[Opening MATERIAL PROVIDED section]

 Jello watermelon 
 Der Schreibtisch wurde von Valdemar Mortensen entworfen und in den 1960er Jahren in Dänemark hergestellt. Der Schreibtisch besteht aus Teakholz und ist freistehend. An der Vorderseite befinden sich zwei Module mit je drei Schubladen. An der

[Closing MATERIAL PROVIDED section]
[Opening MATERIAL PROVIDED section]

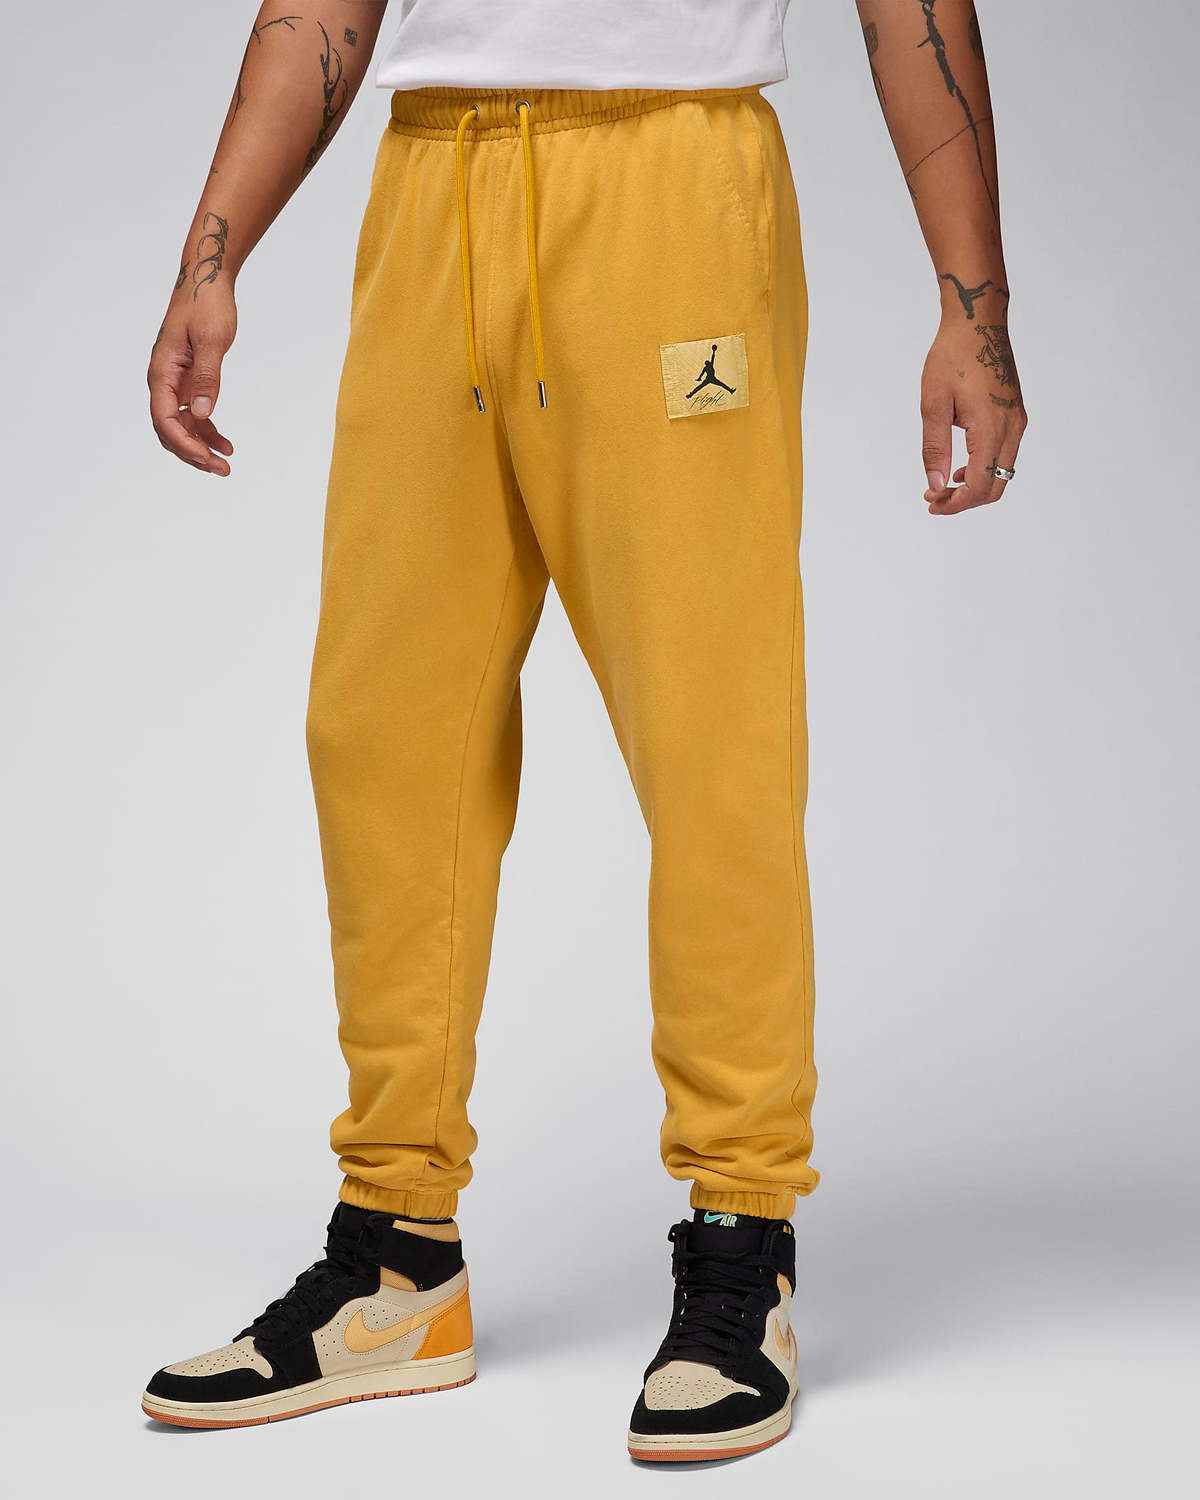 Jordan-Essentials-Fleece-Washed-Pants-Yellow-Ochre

[Closing MATERIAL PROVIDED section]

Would you print exactly, and only, the lines of the data above from the line with "Jello watermelon" through the line with "Der Schreibtisch wurde", inclusive?

 Jello watermelon 
 Der Schreibtisch wurde von Valdemar Mortensen entworfen und in den 1960er Jahren in Dänemark hergestellt. Der Schreibtisch besteht aus Teakholz und ist freistehend. An der Vorderseite befinden sich zwei Module mit je drei Schubladen. An der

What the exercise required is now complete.